▶ _About this task_
Beginning with the line that contains "Bibs Fopspeen Black maat 1" in the material below, print each line exactly until the line that contains "XiuRen 秀人 No.3089" has been printed, then stop.

▶ _Listed entries_
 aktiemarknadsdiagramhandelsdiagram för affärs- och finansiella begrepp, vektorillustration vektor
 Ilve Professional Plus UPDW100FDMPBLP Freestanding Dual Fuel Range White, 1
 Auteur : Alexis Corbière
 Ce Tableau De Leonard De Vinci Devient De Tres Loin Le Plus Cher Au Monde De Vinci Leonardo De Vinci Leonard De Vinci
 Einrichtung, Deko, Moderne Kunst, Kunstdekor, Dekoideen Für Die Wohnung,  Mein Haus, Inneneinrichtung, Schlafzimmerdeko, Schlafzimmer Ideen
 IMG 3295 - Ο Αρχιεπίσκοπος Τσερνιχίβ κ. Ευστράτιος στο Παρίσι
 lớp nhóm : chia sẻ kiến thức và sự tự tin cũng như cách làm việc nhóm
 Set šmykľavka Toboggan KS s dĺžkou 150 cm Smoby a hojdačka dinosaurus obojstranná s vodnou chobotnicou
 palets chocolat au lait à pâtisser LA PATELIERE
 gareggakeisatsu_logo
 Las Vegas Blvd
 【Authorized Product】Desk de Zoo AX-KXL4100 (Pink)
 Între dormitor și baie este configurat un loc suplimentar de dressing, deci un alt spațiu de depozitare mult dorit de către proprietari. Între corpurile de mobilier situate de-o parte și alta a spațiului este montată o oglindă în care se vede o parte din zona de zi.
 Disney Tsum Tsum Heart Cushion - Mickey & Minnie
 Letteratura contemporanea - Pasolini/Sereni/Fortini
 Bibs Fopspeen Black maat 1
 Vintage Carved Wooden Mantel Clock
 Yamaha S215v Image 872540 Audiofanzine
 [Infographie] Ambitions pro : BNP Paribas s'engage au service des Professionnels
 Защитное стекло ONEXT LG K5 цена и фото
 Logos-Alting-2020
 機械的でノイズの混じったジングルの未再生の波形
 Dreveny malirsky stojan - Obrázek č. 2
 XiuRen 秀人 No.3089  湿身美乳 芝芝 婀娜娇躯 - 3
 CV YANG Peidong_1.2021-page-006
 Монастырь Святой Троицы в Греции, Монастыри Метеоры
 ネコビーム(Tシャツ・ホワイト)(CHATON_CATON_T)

▶ _Exercise response_
 Bibs Fopspeen Black maat 1
 Vintage Carved Wooden Mantel Clock
 Yamaha S215v Image 872540 Audiofanzine
 [Infographie] Ambitions pro : BNP Paribas s'engage au service des Professionnels
 Защитное стекло ONEXT LG K5 цена и фото
 Logos-Alting-2020
 機械的でノイズの混じったジングルの未再生の波形
 Dreveny malirsky stojan - Obrázek č. 2
 XiuRen 秀人 No.3089  湿身美乳 芝芝 婀娜娇躯 - 3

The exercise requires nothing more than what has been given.